Non manca il cronista della prole, categoria delicata e diffusissima: il bambino che soffia sulla torta, il bambino al primo giorno di scuola, il bambino che dorme, tutto pubblicato con dovizia di dettagli su profili aperti al mondo intero, senza che l’interessato abbia mai firmato nulla. Chi scrive non si permette lezioni di genitorialità, ma un dubbio, sommesso, resta: forse certe immagini andrebbero custodite in un cassetto, non consegnate a un pubblico che il bambino non ha scelto e che un giorno, cresciuto, potrebbe non ringraziare.
Merita un capitolo a parte la categoria della cinquantenne in crisi esistenziale che si traveste da Ariana Grande o da Miley Cyrus per un pomeriggio, coda alta, ombretto di scena, labbra rifatte apposta per l’occasione, e si fotografa in salotto discount con lo sguardo languido rivolto altrove, mentre sullo sfondo, incurante della finzione, la pentola del brodo continua a bollire allegra sul fuoco. È forse l’esemplare più struggente dell’intero catalogo: un desiderio di gioventù travestito da estetica pop, immortalato proprio nella cucina che quella gioventù l’ha consumata giorno dopo giorno, tra una spesa e un compito da controllare.
C’è poi il turista da monumento, che raggiunge la meta dei sogni e le volta subito le spalle per un autoscatto, lasciando che il Colosseo o la Torre Eiffel facciano da sfondo a un primo piano di se stesso; il collezionista di tramonti, che ne possiede ormai centinaia, tutti identici, tutti intitolati “magia”; il testimone del brindisi, che filma il calzare dei bicchieri invece di alzare il proprio; e infine il paparazzo di se stesso, specie in costante espansione, che documenta ogni istante della propria giornata come se il mondo attendesse con ansia il resoconto.

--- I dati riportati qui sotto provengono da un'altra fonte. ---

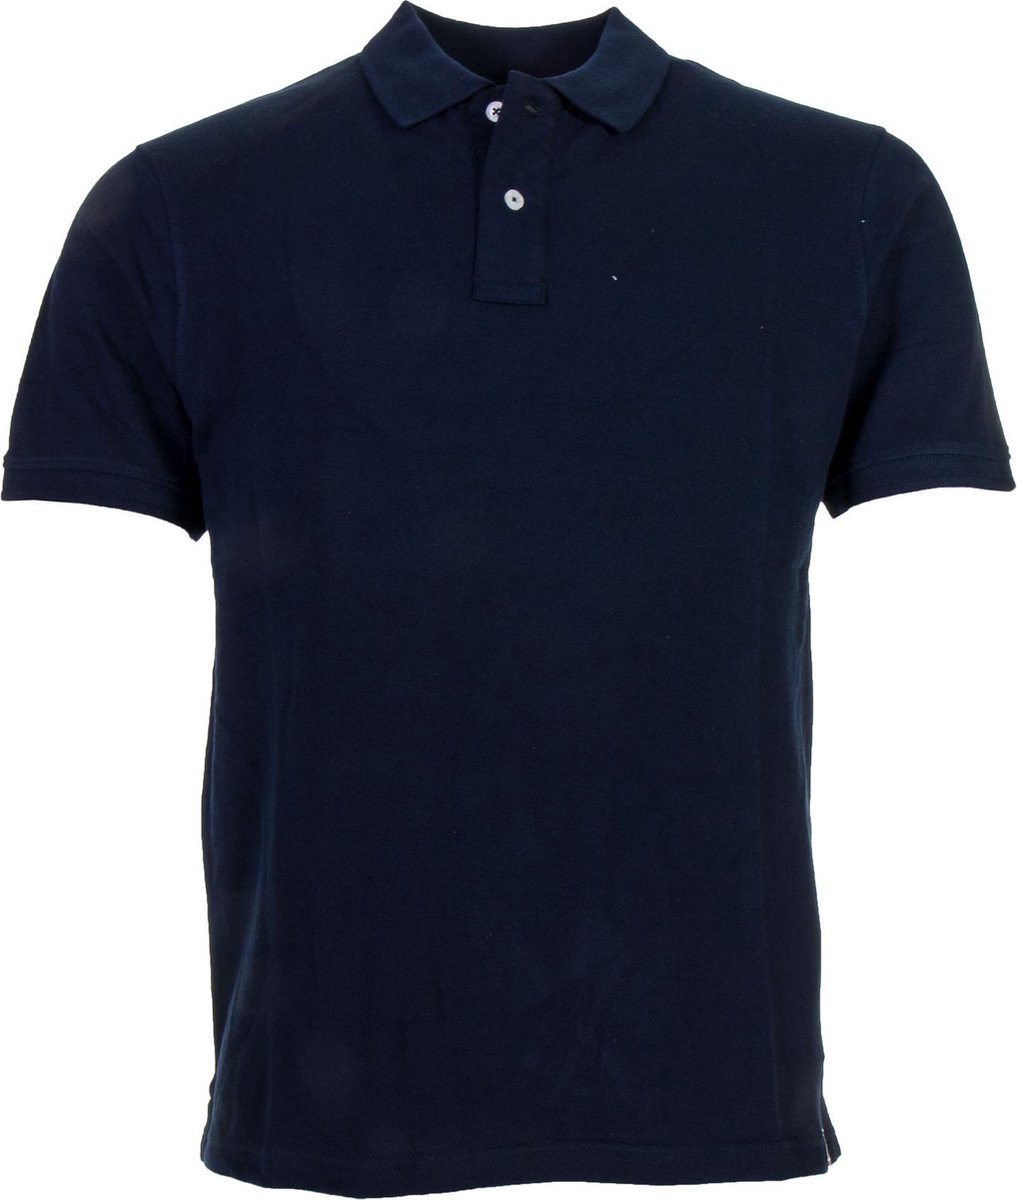 Russell Athletic Classic Polo Heren Sportpolo casual - Maat M - Mannen - blauw

Il filo che lega questi esemplari è sempre lo stesso: la convinzione, mai dichiarata ma agita in ogni gesto, che un’esperienza non vissuta attraverso uno schermo sia un’esperienza sprecata. Si è passati dal carpe diem al carpe pixel, e la differenza non è solo lessicale. Il primo presuppone che l’attimo vada afferrato per essere vissuto; il secondo lo afferra solo per depositarlo altrove, rimandandone il godimento a un momento che, puntualmente, non arriva mai. Si scorre, non si guarda. Si archivia, non si ricorda.
Non è nostalgia per un’epoca priva di telefoni, sarebbe ipocrita fingerlo da chi scrive su uno schermo. È piuttosto la constatazione, un po’ amara e un po’ divertita, che la tecnologia promessa come strumento per condividere la vita finisca spesso per sottrarla a chi dovrebbe viverla per primo. Il piatto si raffredda, la musica sfuma, il tramonto tramonta comunque, con o senza filtro. E chi lo ha vissuto solo attraverso l’obiettivo, alla fine, non ha in tasca un ricordo, ma soltanto un file.